Department of Anaesthesia and Intensive Care, Narayana Institute of Cardiac Sciences, Narayana Health City, Bangalore, Karnataka, India.
Department of Cardiac Anaesthesia, Narayana Superspeciality Hospital, Gurugram, Haryana, India.
Ann Card Anaesth. 2023 Jan-Mar;26(1):57-62. doi: 10.4103/aca.aca_56_21.
Quantification of urinary tissue inhibitor of metalloproteinase-2 (TIMP-2) and insulin-like growth factor binding protein (IFGBP-7), which is commercially known as NephroCheck™(NC) test have been suggested as promising tools for the early detection of acute kidney injury (AKI) after cardiac surgery involving cardio-pulmonary bypass (CPB).
The aim of the present study was to test the hypothesis that single value of postoperative NC test performed at 4 hours after surgery can predict AKI in off-pump coronary artery bypass grafting (OPCABG) surgery.
This prospective single-center study was conducted at the tertiary cardiac center in India from December 2017 to November 2018.
Ninety adult patients of both sex undergoing elective OPCABG were included. Anesthesia was standardized to all patients. Urine samples were collected preoperatively and at 4 hours after surgery for NC test. Urine output, serum creatinine, estimated glomerular filtration rate (eGFR) were also measured. AKI staging was based on kidney disease improving global outcomes (KDIGO) guidelines.

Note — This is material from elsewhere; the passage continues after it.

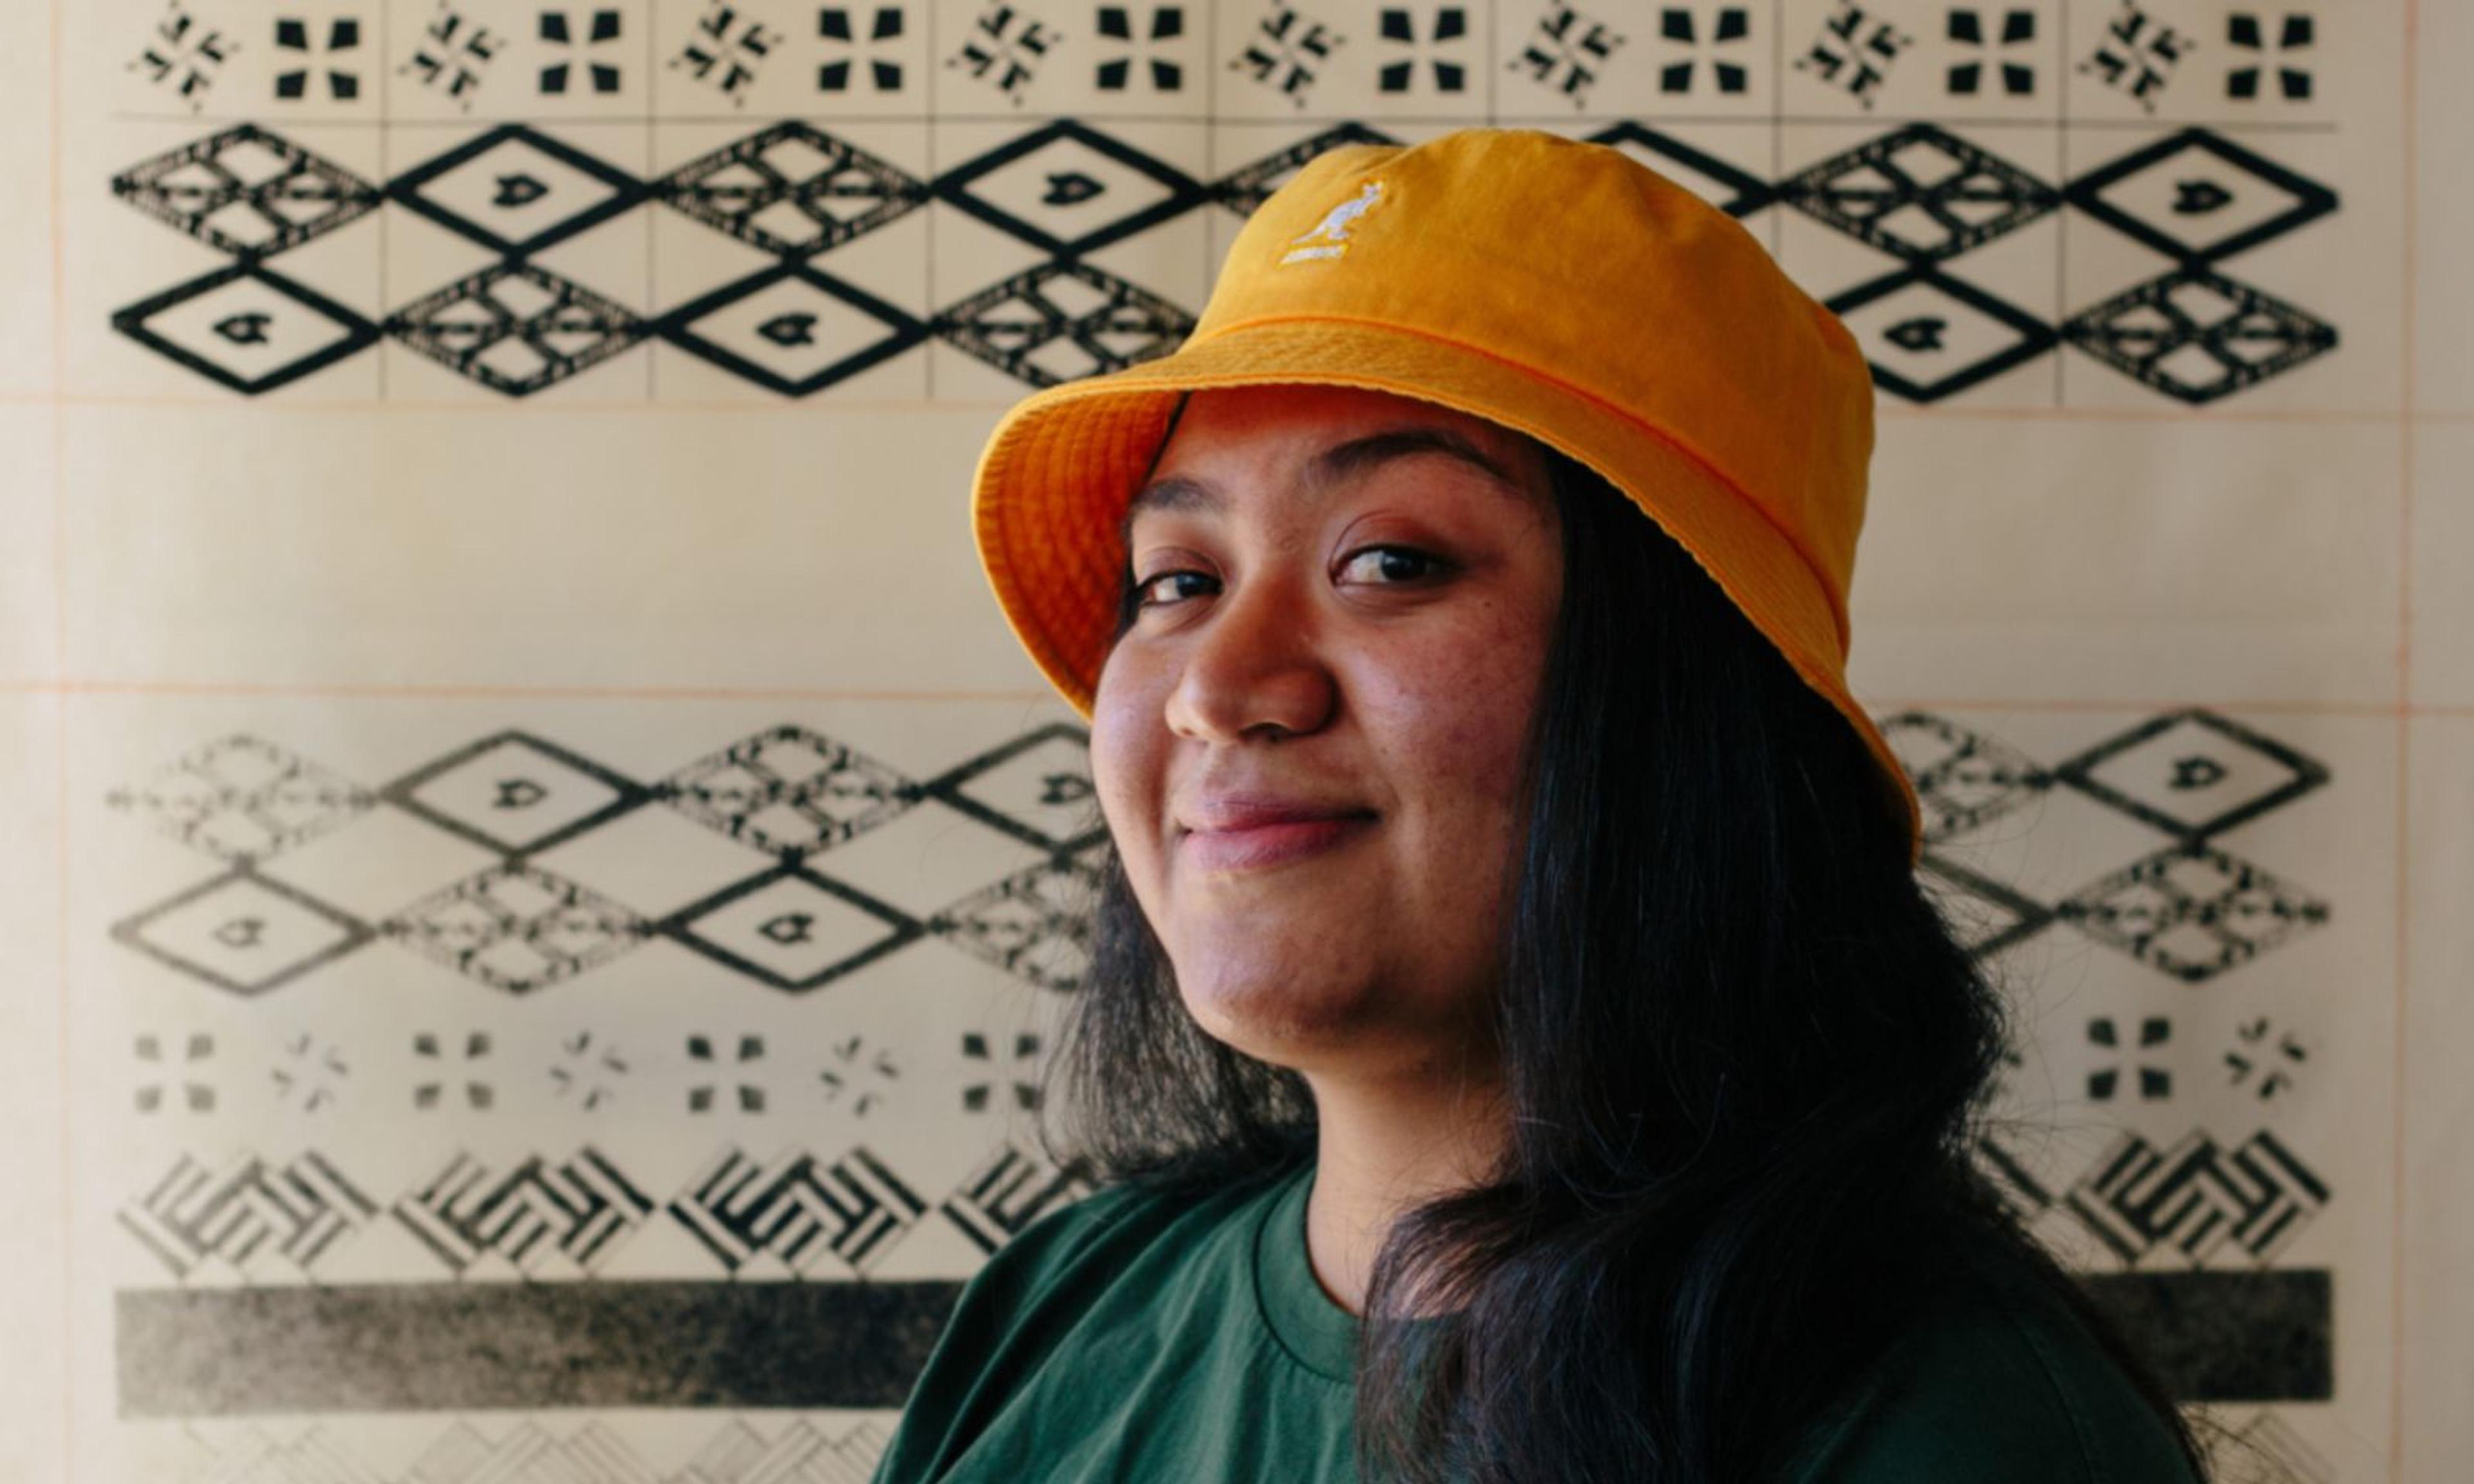 Multi-disciplinary and visual artist 'Uhila Moe Langi Nai is studying towards a PhD in Visual Arts specialising in traditional Tongan Ngatu (tapa cloth) and kupesi (patterned embroidery).

To assess the predictability of NC test for the primary endpoint, area under the receiver operating characteristic curve (ROC), was calculated.
Thirteen patients developed AKI in the study cohort (14.4%) out of which 7 patients (7.8%) developed stage 2/3 AKI and the remaining stage 1 AKI. Baseline renal parameters were similar between AKI and non-AKI group. The area under curve (AUC) of NC test at 4 hours after surgery was 0.60 [95% confidence interval (CI): 0.42-0.77]. Postoperative NC test performed at 4 hours after surgery did not predict AKI in this study population (P = 0.24). There were no significant differences in duration of mechanical ventilation, length of intensive care stay and hospital stay between the two groups (P > 0.05).
NephroCheck test performed at 4 hours after surgery did not identify patients at risk for developing AKI following OPCABG surgery.
尿组织金属蛋白酶抑制剂-2(TIMP-2)和胰岛素样生长因子结合蛋白 7(IFGBP-7)的定量检测,其商业名称为 NephroCheck™(NC)检测,已被认为是心脏手术体外循环(CPB)后急性肾损伤(AKI)早期检测的有前途的工具。
本研究旨在检验术后 4 小时 NC 检测单次值可预测非体外循环冠状动脉旁路移植术(OPCABG)手术 AKI 的假设。
这项前瞻性单中心研究于 2017 年 12 月至 2018 年 11 月在印度的三级心脏中心进行。
纳入 90 名接受择期 OPCABG 的成年患者。所有患者的麻醉均标准化。术前和术后 4 小时采集尿液样本进行 NC 检测。还测量了尿量、血清肌酐和估算肾小球滤过率(eGFR)。AKI 分期基于肾脏病改善全球结局(KDIGO)指南。
为评估 NC 检测对主要终点的预测能力,计算了受试者工作特征曲线(ROC)下面积(AUC)。
研究队列中有 13 名患者发生 AKI(14.4%),其中 7 名患者(7.8%)发生 2/3 期 AKI,其余患者发生 1 期 AKI。AKI 组和非 AKI 组的基线肾脏参数相似。术后 4 小时 NC 检测的 AUC 为 0.60[95%置信区间(CI):0.42-0.77]。在本研究人群中,术后 4 小时 NC 检测未预测 AKI(P=0.24)。两组之间的机械通气时间、重症监护病房住院时间和住院时间无显著差异(P>0.05)。
OPCABG 手术后 4 小时进行的 NephroCheck 检测未能识别出发生 AKI 的高危患者。